Ketharaman Swaminathan
Ketharaman Swaminathan - GTM360 Marketing Solutions - Pune 07 April, 2010, 09:16Be the first to give this comment the thumbs up 0 likes

Good observation! I'm seeing more and more cases of banks, telcos and government agencies rejecting the electronic medium. 

While claiming a tax refund from the UK HMRC, I found out that, while I could file the return via Internet, they refused any communication by email.

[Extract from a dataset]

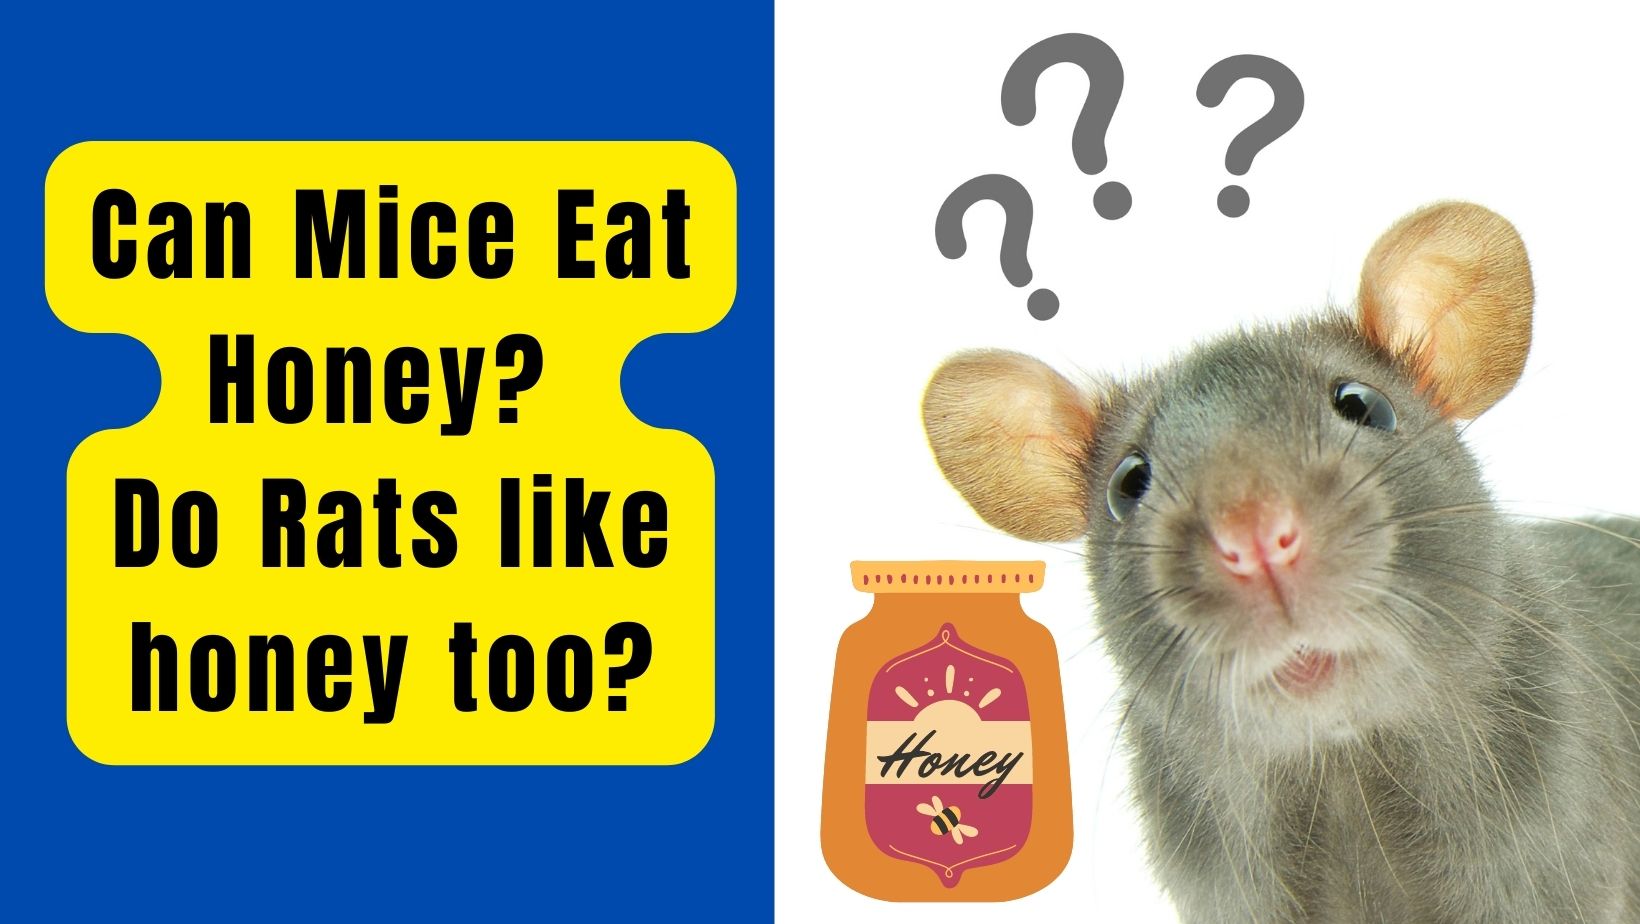 Can Mice Eat Honey? Do rats like honey too?
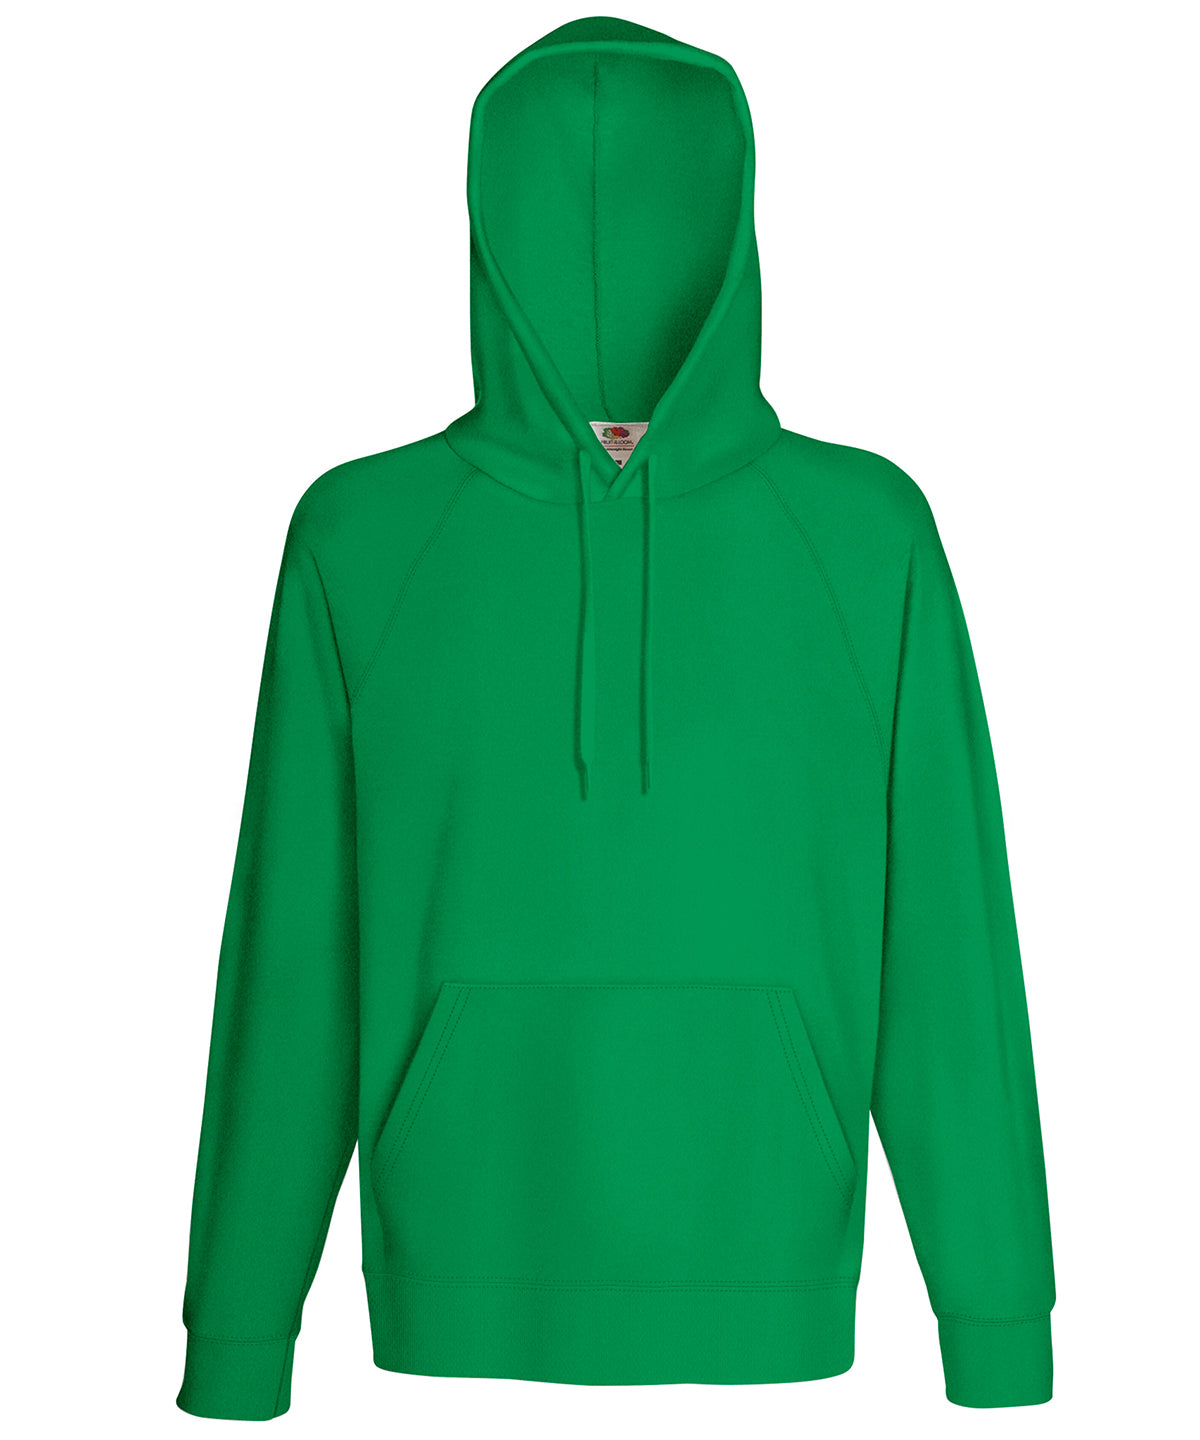 Personalised Hoodies - Black Fruit of the Loom Lightweight hooded sweatshirt

Only snail-mail was allowed.

During my several year-long ordeal to collect my social security refund from the federal authority in Germany, they accept signed letters sent by fax, but their letters are always sent by snail mail, which takes 10-14 days to reach me in India. Citing EU data protection laws, they refuse to talk about any personally identifiable information on the phone and refuse email altogether.

I've begun wondering if the near-obsolete fax machine is making a quiet comeback!

 

A Finextra member
A Finextra member 07 April, 2010, 10:18Be the first to give this comment the thumbs up 0 likes

There are two primary questions from here.

Why such disconnects occur when bank originates communication and ask for something which they dont share ?

How these can be circumvented from Bank's point of view ?

The reason for failure like this is due to the fact that normally Bank's policy executions are done through different disconnected departments and during policy formulation either all departments are not considered as impact points OR complete life cycle analysis was not done. It is quite possible that there is subsequent improvements in some departments (Digitization of statement) which was not known to other stakeholders (KYC department).

Now, possibly the solution could be bank should have asked only for existing bank account # rather than statement, so that what all data bank wants to validate as part of KYC can be done (including customer direct/voice contact) with their database rather than asking customer to provide statement. Banks should even think of (keeping apart competitive data sharing), sharing customer KYC information. In such cases, irrespective of primary accounting bank, the bank identifier and account identity can be included as additional identity data.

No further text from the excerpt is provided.